My eyes welled as I finished the last stitch in Knox’s shoulder, tying it off.

“You haven’t saved her.” The cool slice of his sharp tone broke through our moment. “You’ve only further served to endanger the both of you.” His words were delivered in his unflinching tone, but I sensed the fury underneath.

“It is pure dumb luck you made it this far,” he continued. “And you need to leave. Now. You’ve got time. Barely enough of it. If your luck holds, you can make it back in one piece.”

“I’m not leaving her here withyou,” she spat, face no longer soft and delicate but sharp and hateful, her nose scrunched and a wrinkle between her eyes deepening with a scowl.

Knox just stared at Daisy. Her glaring at him was much like Tinkerbell trying to kick a giant. “You try to enact whatever fairy tales you’ve concocted about riding off into the sunset, it’ll kill you both. I’m not letting that happen. Nothing is happening to Piper.”

His voice was still again, even. But the words contained a fierceness. A dedication. To me.

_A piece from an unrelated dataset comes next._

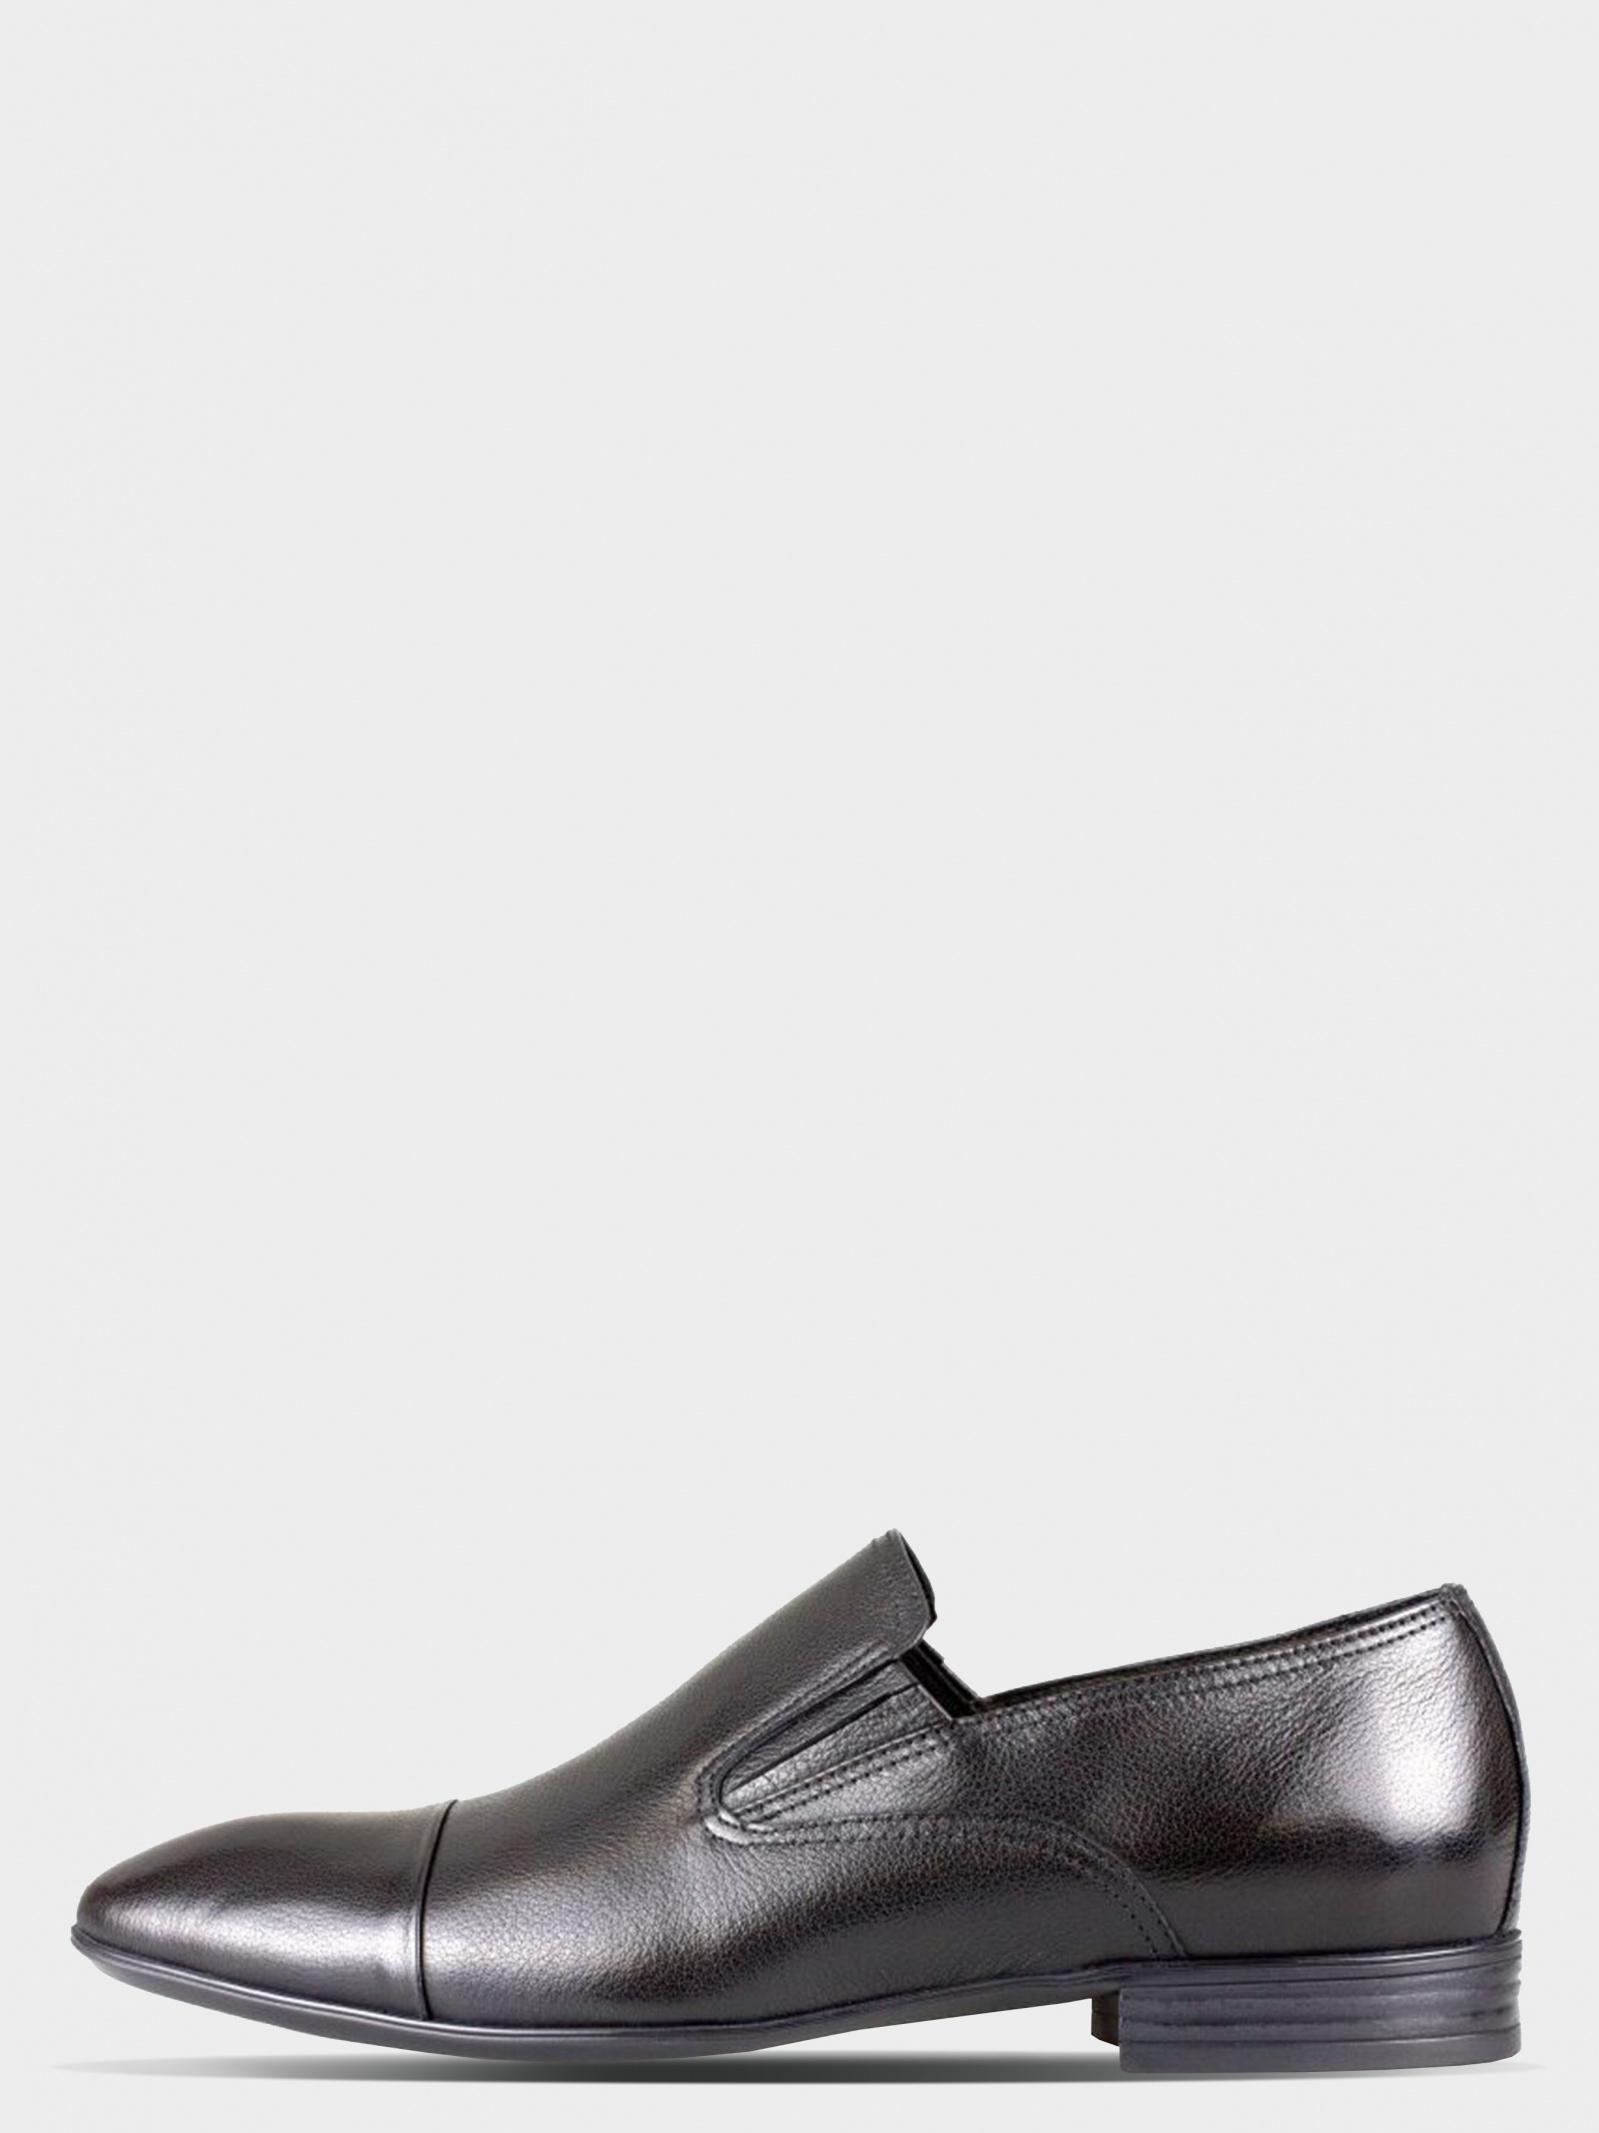 Туфли для мужчин Braska BR1513 цена, 2017

This man was a cold dragon willing to breathe fire to protect me.

Daisy looked between the two of us again, her face tense with concentration. A handful of seconds passed, then realization.

She opened her mouth, likely to vocalize something that both Knox and I had been refusing to acknowledge for some time.

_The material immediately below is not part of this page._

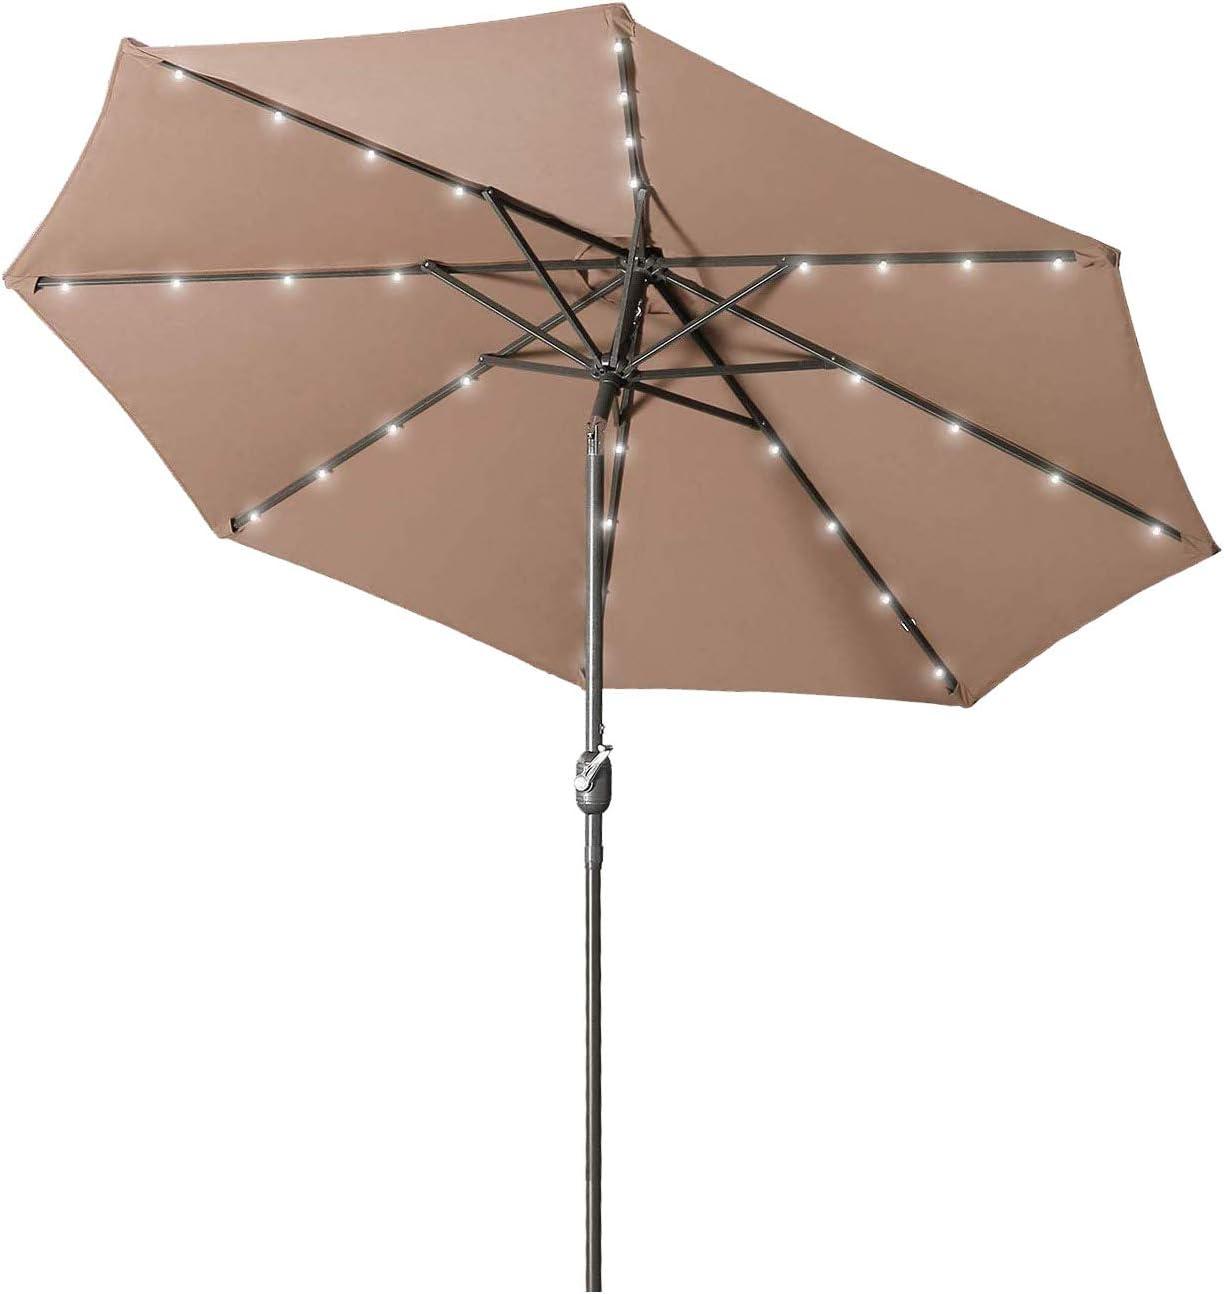 Aok Garden 9 ft Solar LED Lighted Patio Umbrella Outdoor Umbrella with Tilt and Crank 8 Ribs, Coffee

“Knox is right,” I spoke before she could, standing to go to the sink in order to wash the blood from my hands. “We don’t have the resources or the skills to run from this. If we try right now, we’ll fail. Stone will get what he wants, me. And he’ll hurt you to do it.”

I turned the taps on as high as they could go then squeezed my eyes shut against the scalding water.

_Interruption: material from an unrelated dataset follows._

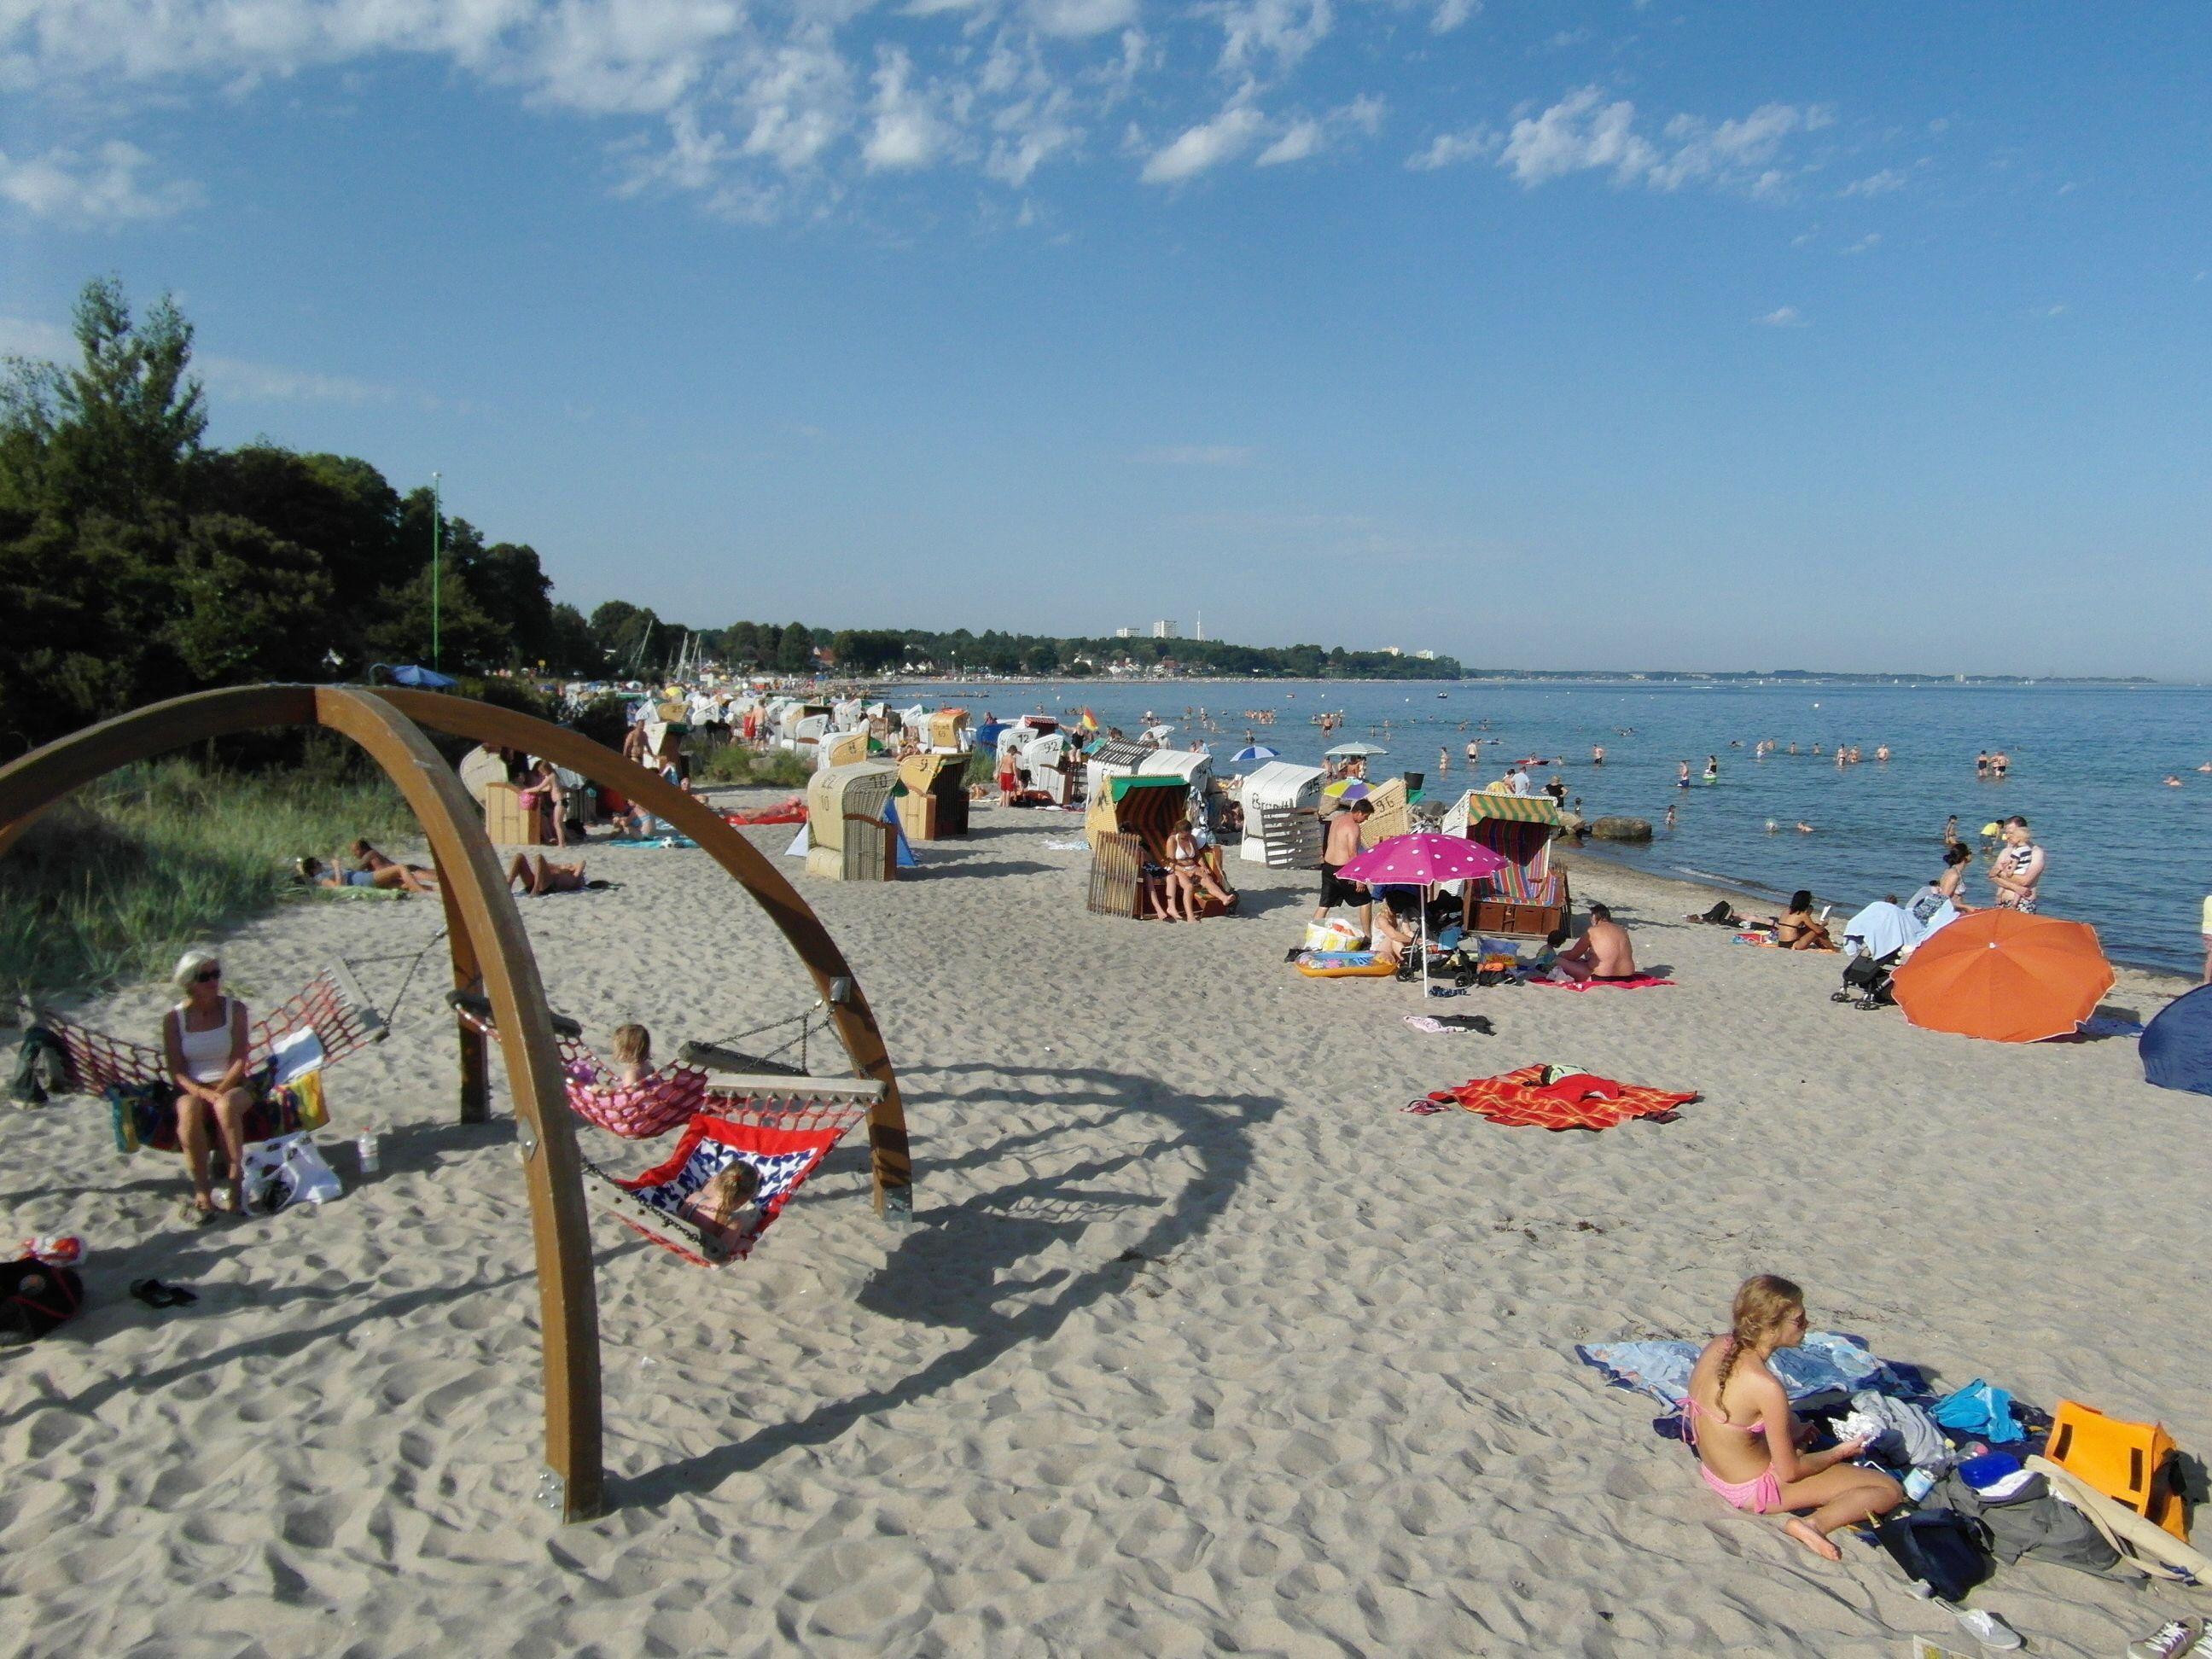 Der wunderbare Strand der Ostsee - Scharbeutz http://www.ostseeurlaub-mit-stil.com

“This cannot possibly be our only answer,” Daisy whined.

I scrubbed at my hands and waited until I’d dried them before I turned to her. My fingernails still held crusted blood underneath them. I wanted to keep it there for a while. Knox’s blood. On my hands.

Proof he could bleed.

That he was human.

That he had protected me with his body.

“It is the only answer, Daisy, you know that.” I sighed. “Is Joey, is he … h-hurting you?” I stumbled over the words. I hadn’t considered what the true reality of this situation might’ve been. Perhaps Daisy had come to her senses once the ugly reality of what being tangled up with the mafia was and tried to break it off with Joey.

Daisy huffed and rolled her eyes in a way that communicated that she was annoyed, not scarred for life.

“He still insists he’s in love with me,” she flicked her wrist dismissively. “He wouldn’t dare lay a hand on me. He gets all ragey when anyone else in the … organization comes near me.”

I clicked my tongue. I hadn’t had a good first impression of Joey, yet it seemed like he was protecting Daisy. Not that I could count on that to continue.

“Okay, well you need to stick close to him. For now, at least. Until we figure this out.”

“You think we’re goingto figure this out?” Her eyes went wide as saucers, hands on her hips. “This is not me making a mistake on tax returns… This is an international crime boss intent on marrying you and forcing you into submission. Joey told me everything.”

I glanced in Knox’s direction. He was still sitting in the chair, watching us intently, making no secret of the fact that he was listening to every word.

“We’re going to figure this out,” I told her firmly. In the tone I’d used so many times over our lives that I’d perfected it. Even when I was most afraid, uncertain or panicked, I’d always presented as assuring and confident to my little sister. That was my job, after all.

For once, though, she didn’t look the least bit convinced.

“I need to talk to you. Without him.” She violently jabbed her pointer finger in Knox’s direction.

I sighed. The separation of these two was probably most sensible. It was going to be hard for Daisy to see reason—if that was indeed what I was preaching—with Knox in the vicinity … being Knox.

“Let’s go outside,” I replied as I quickly served up a large portion of stew, taking it over to Knox.

“Eat,” I demanded. “The last thing I need is you passing out, hitting your head and losing your memory or something.” I made my voice snappy, not letting him know I was panicked by the very prospect. Of Knox forgetting his job, who he was. Of him forgetting who I was to him. If I truly was anything to him.